Wading River is a hamlet and census-designated place (CDP) in Suffolk County, New York, United States, on the North Shore of Long Island. As of the 2020 census, Wading River had a population of 7,731. It is adjacent to Shoreham and shares a school district.

Most of Wading River lies within the Town of Riverhead, but a small portion is in the Town of Brookhaven. The name of the hamlet comes from the original Algonquian name for the area, Pauquaconsuk, meaning "the place where we wade for thick, round-shelled clams". It was also previously known as “Lonsefekwa”. "Wading in the River" or Wading River was adopted by the first English colonists.

==History==
===1671===
The earliest English records show a settlement known as Wading River was founded by eight colonial families. "The spot for the village was chosen with care. There was a stream adequate for water power and abounding in seafood...good water for drinking...soil rich enough to grow essential crops, woodland for fuel, building material and food, topography to offer protection from the elements, meadowland for its grass."

===Until 1947===
Between 1895 and 1938, the Port Jefferson Branch of the Long Island Rail Road extended to Wading River. It was once planned to continue eastward to rejoin the Main Line at Riverhead or Calverton. From 1905 to 1928, Wading River was also the site of an LIRR demonstration farm. Another was east of Medford Station on the Main Line.
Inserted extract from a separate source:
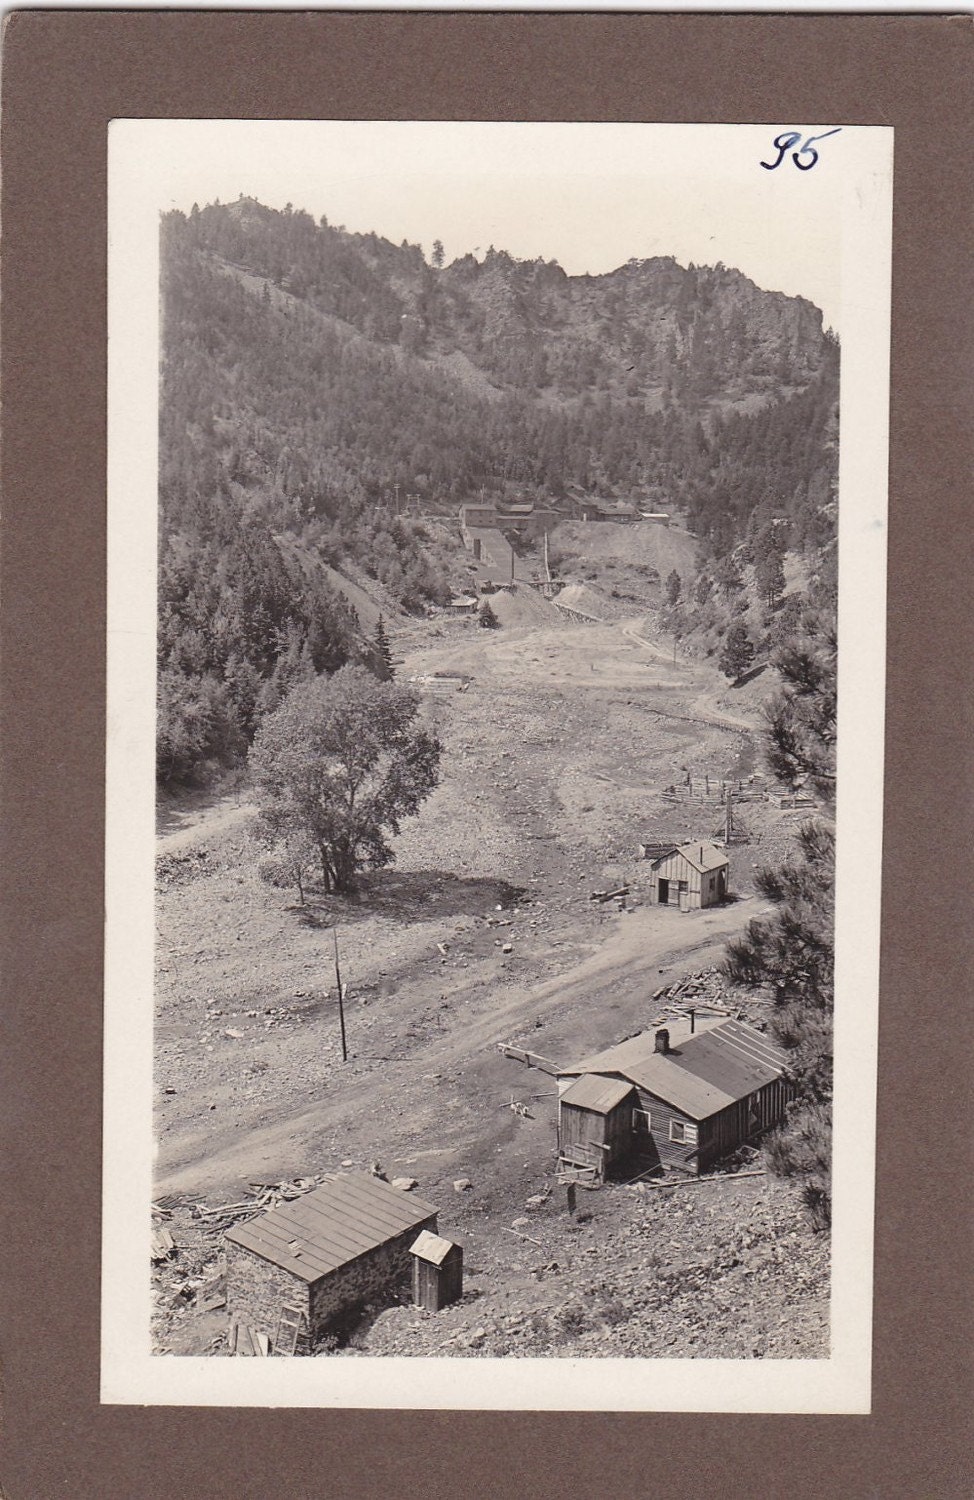 Vintage Black and White Photograph Peerless Mining Town Area

The Wading River station closed in 1938. During World War II the Benson House was used by the FBI as the site of a secret counterintelligence operation to feed the Nazis deceptive information.

The hamlet of Wading River had a year-round population of less than 500. But during the summer months, hundreds of visitors filled the town to use Wildwood State Park, the cottages on the cliffs and dunes and, of course, the beaches.

It was in Wading River that Walter Lippmann wrote his books Public Opinion and The Phantom Public in the summers of 1921 and 1923 respectively

===1947===
This year was a landmark year of change for the sleepy little hamlet; noteworthy accomplishments include:
- Returning service men from World War II began building homes in Wading River
- The formation of Wading River's own volunteer fire department, Wading River Fire Department
- The military installation known as Camp Upton was converted for use as Brookhaven National Laboratory
- The Wading River Historical Society was formed.

==Geography==
Wading River is located at (40.952599, -72.829907).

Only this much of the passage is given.